# I think I only want one child...long post, sorry



## flyingmonkey (Jul 25, 2011)

Hi Everyone,

I'm new to this forum, and I came here to try to get some new perspectives...

A little about me...I'm 29, married for almost a year but we've been together 7 years and living together for 3. 

When we started dating we were turning 22, and at that time the thought of kids seemed a million years away. Early in our relationship we talked about how many kids we wanted, and we both thought 2 was a good number. 

I've never been the girl who wanted to grow up and have kids.

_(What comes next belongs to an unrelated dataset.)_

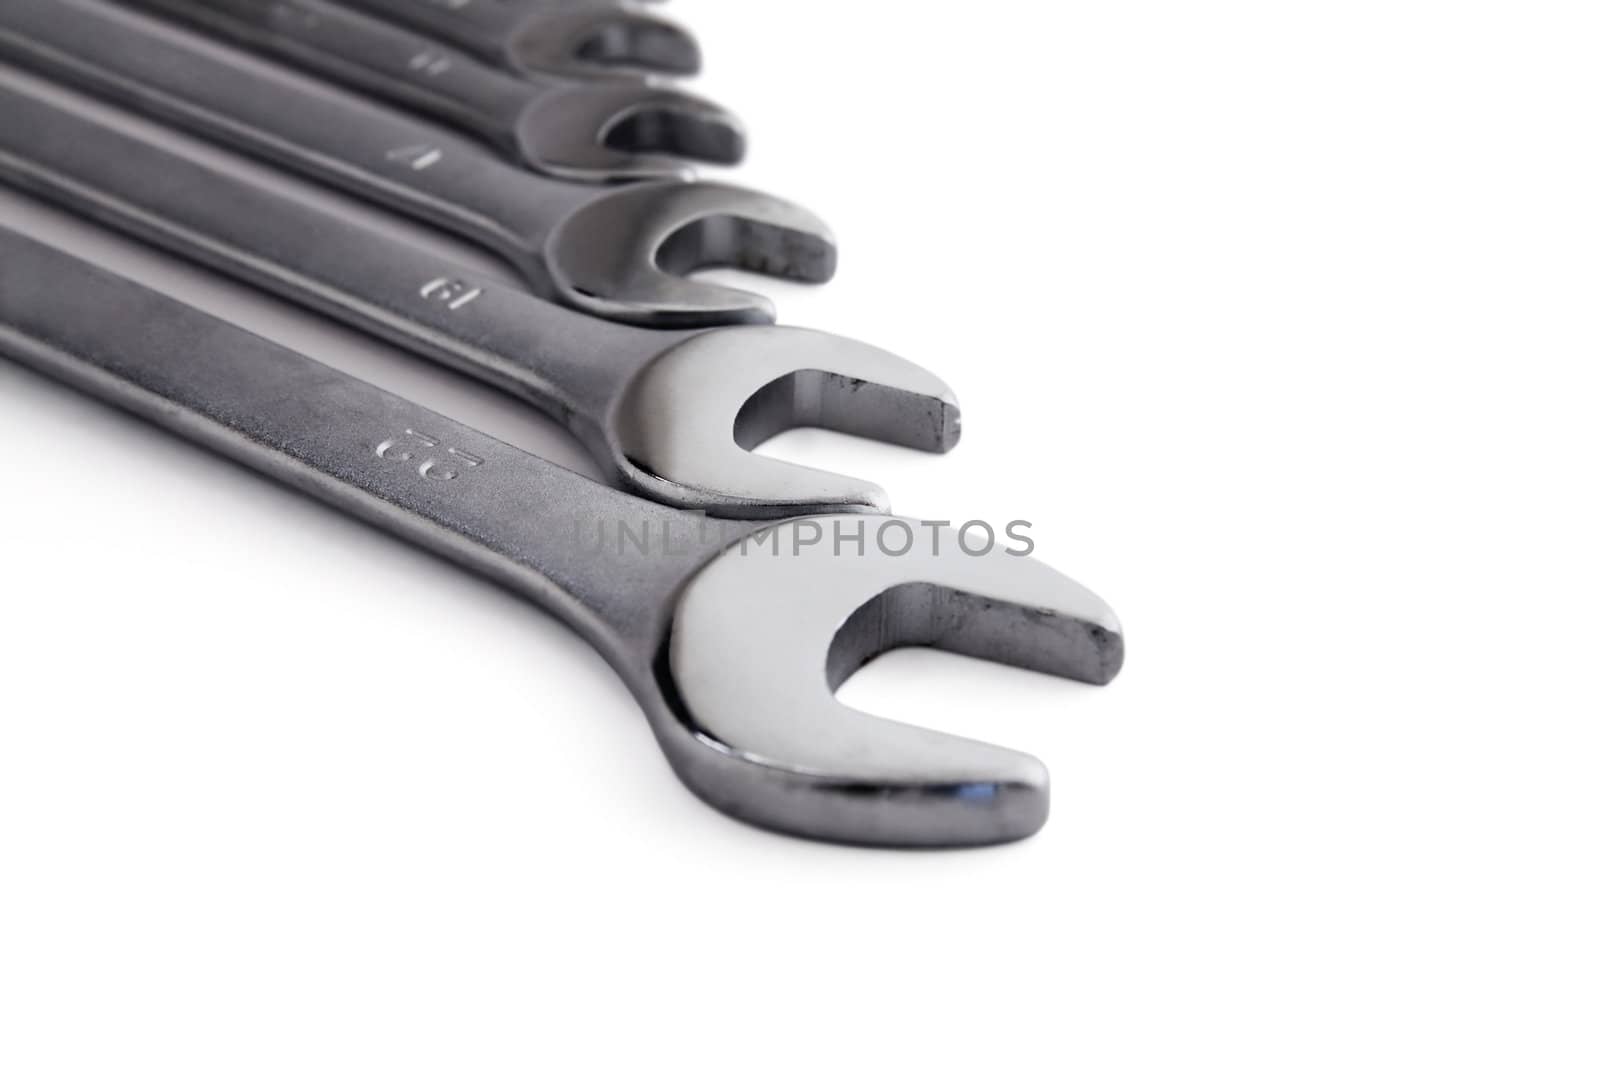 Industrial working tools on a white background
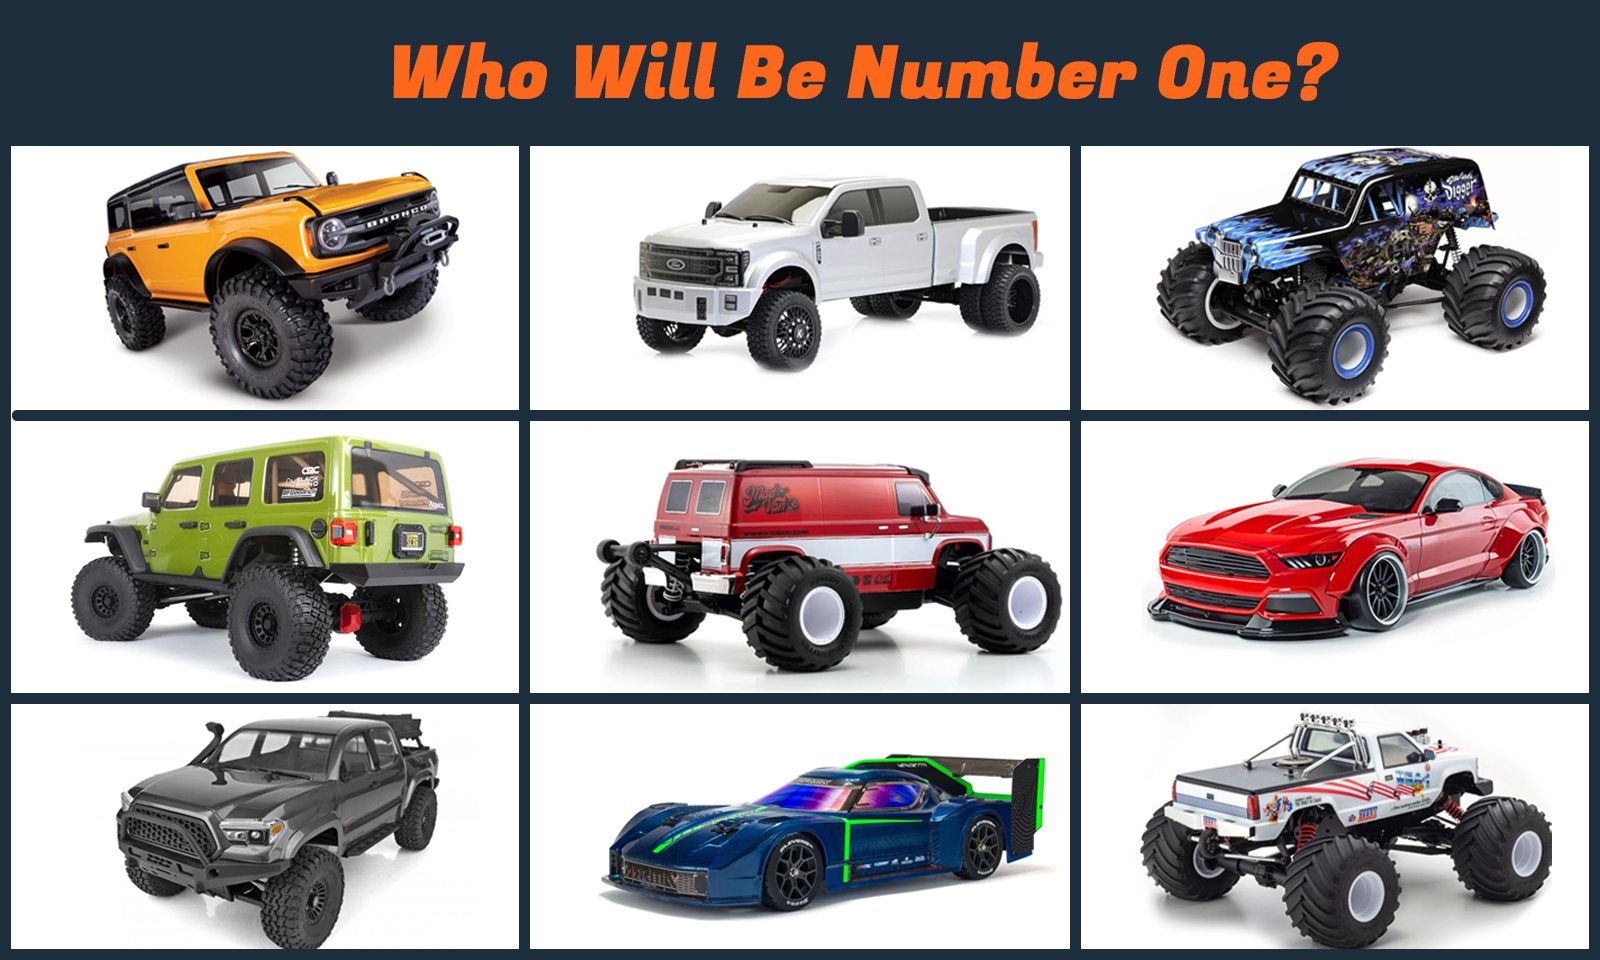 What were the top 10 RC Cars for 2021 - Best Sellers

I've always waited for that maternal feeling to come to me, and although recently I've started to feel warmer towards children and the idea of having children, it still isn't something I'm yearning for. I don't know what my defect is, but for some reason when I think about kids, I think about the sacrifices I'll have to make in my career, personal life, marriage, finances...and that all this is doubled with more than one child.

Anyway, I do know that I want one child at least. And that I want to start trying soon although I'm scared to death of how life will change. If anyone has advice to offer me by the end of this, please don't tell me to wait longer...I feel I'm about as ready as I'll ever be at this point and every year that goes by is another year between myself and my future child. My parents were 16 when they had me, so I've enjoyed the blessings of having young parents and young grandparents. Knowing my future kid won't know what this is like is hard for me, and I want to try to be around for my child as long as I possibly can-- which means the longer I wait, the less time I'll have for my child.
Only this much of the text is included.